Op een dag arriveert een onrustige jongeman aan de herberg. Hij geeft Carlo een stuk van één frank. Even later wendt hij zich tot Geronimo en zegt hem zich niet te laten bedriegen door zijn begeleider, want hij heeft die zopas een stuk van twintig frank gegeven.
Als Geronimo Carlo daarover aanspreekt, zegt deze enkel een stuk van één frank te hebben ontvangen. Geronimo gelooft hem niet en van dan af wantrouwt hij zijn broer die hij ervan verdenkt hem altijd al te hebben bedrogen. Carlo kan hem niet overtuigen. Ten einde raad besluit hij enkele reizigers te beroven. Na de diefstal trekken de broers vliegensvlug naar het zuiden. Carlo verzint een smoes en toont zijn broer het geldstuk. Deze blijft er echter van overtuigd dat zijn broer hem heeft voorgelogen.

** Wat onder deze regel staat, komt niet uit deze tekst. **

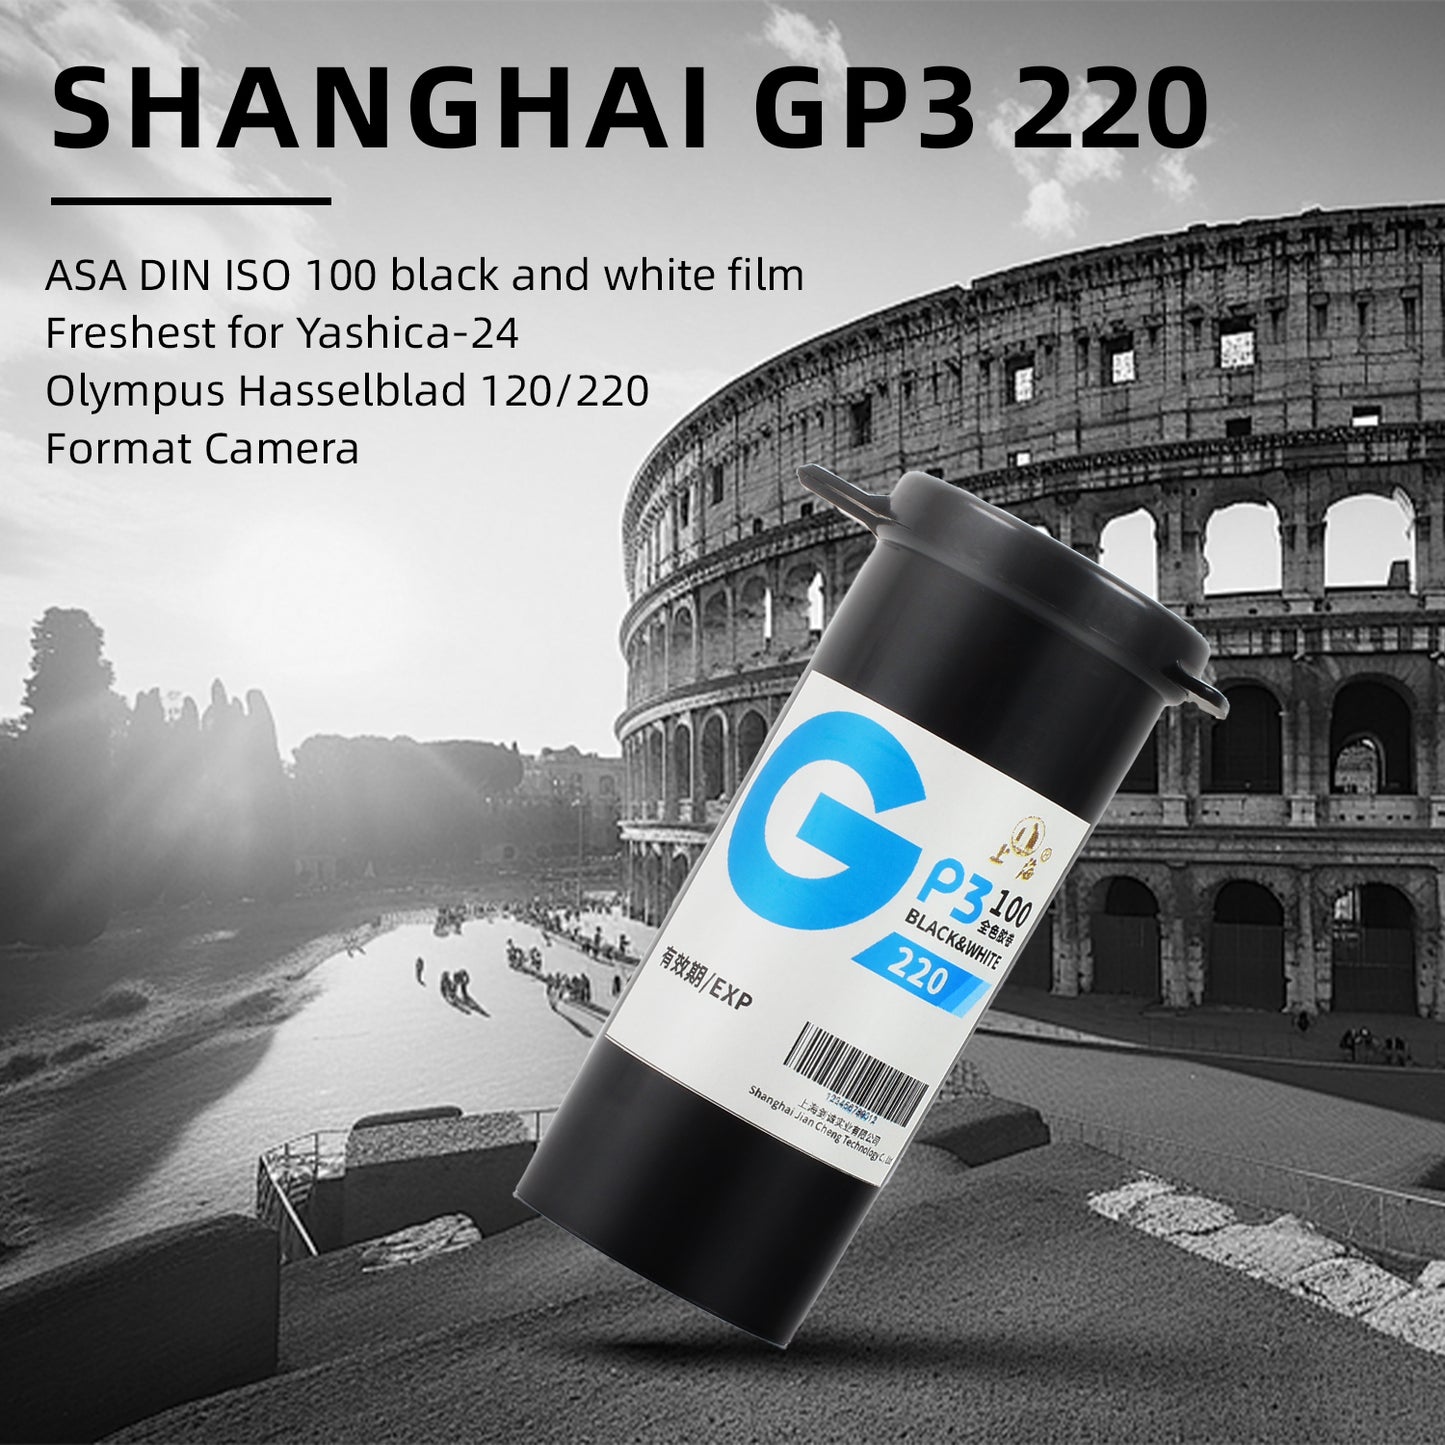 Shanghai GP3 220 Schwarz-Weiß-Rollfilm ASA DIN ISO 100 S/W Negativ 10-2023 Frischeste für Yashica-24 Olympus Hasselblad 120/220 Formatkamera
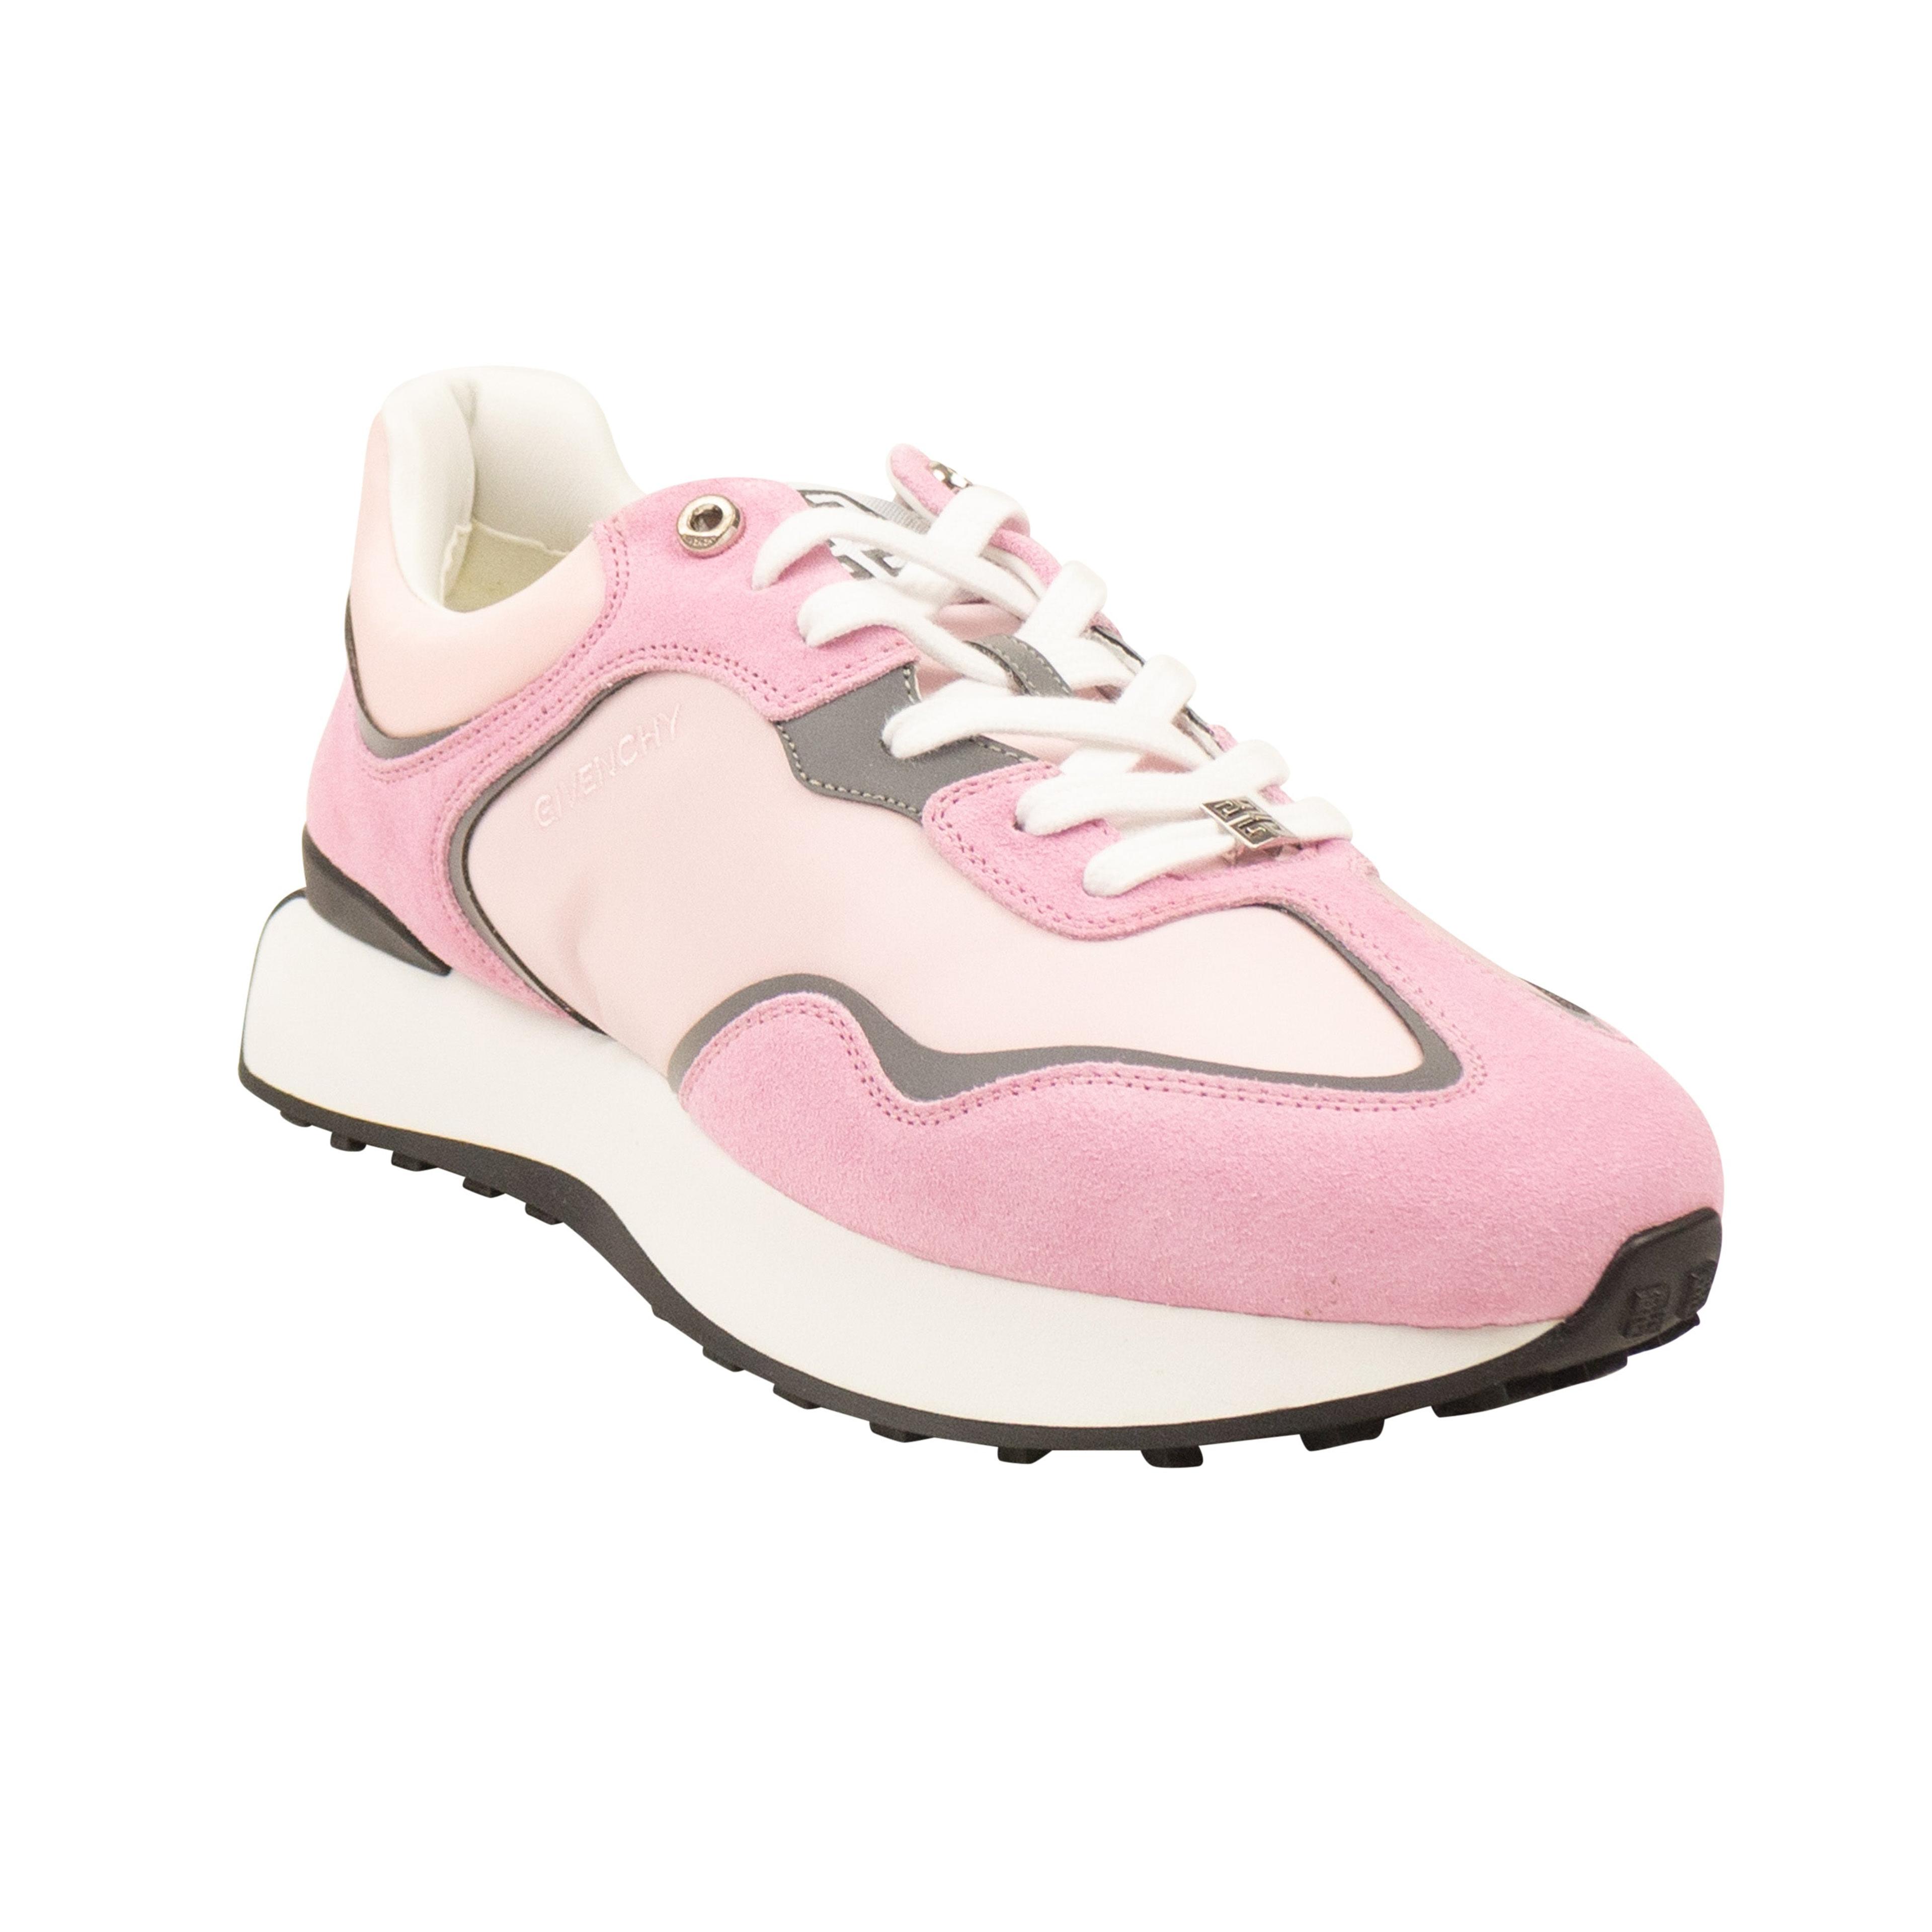 Alternate View 1 of Baby Pink Runner Sneakers

Na enkele dagen worden ze in Italië opgewacht door een gendarm, een bekende van hen. Hij neemt hen mee om verhoord te worden, want ze worden verdacht van de diefstal. Op weg naar het politiekantoor gebeurt het volgende.
Und plötzlich blief Geronimo stehen, so daß auch Carlo innehalten mußte.
Nun, was ist denn? sagte der Gendarm ärgerlich. Vorwärts, vorwärts! Aber da sah er mit Verwunderung, daß der Blinde die Gitare auf den Boden fallen ließ, seine Arme erhob und mit beiden Händen nach den Wangen des Bruders tastete. Dann näherte er Seine Lippen dem Munde Carlos, der zuerst nicht wußte, wie ihm geschah, und küßte ihn.
Het schilderij is The Blind Musicians van John Singer Sargent uit 1912. Uit de collectie van de Aberdeen Art Gallery
Schnitzler (1862-1931) is vooral een auteur van toneelstukken en novellen. In de novelle Sterben uit 1895 zijn er maar drie personages belangrijk. Het jonge stel Felix en Marie en hun huisarts en vriend Alfred.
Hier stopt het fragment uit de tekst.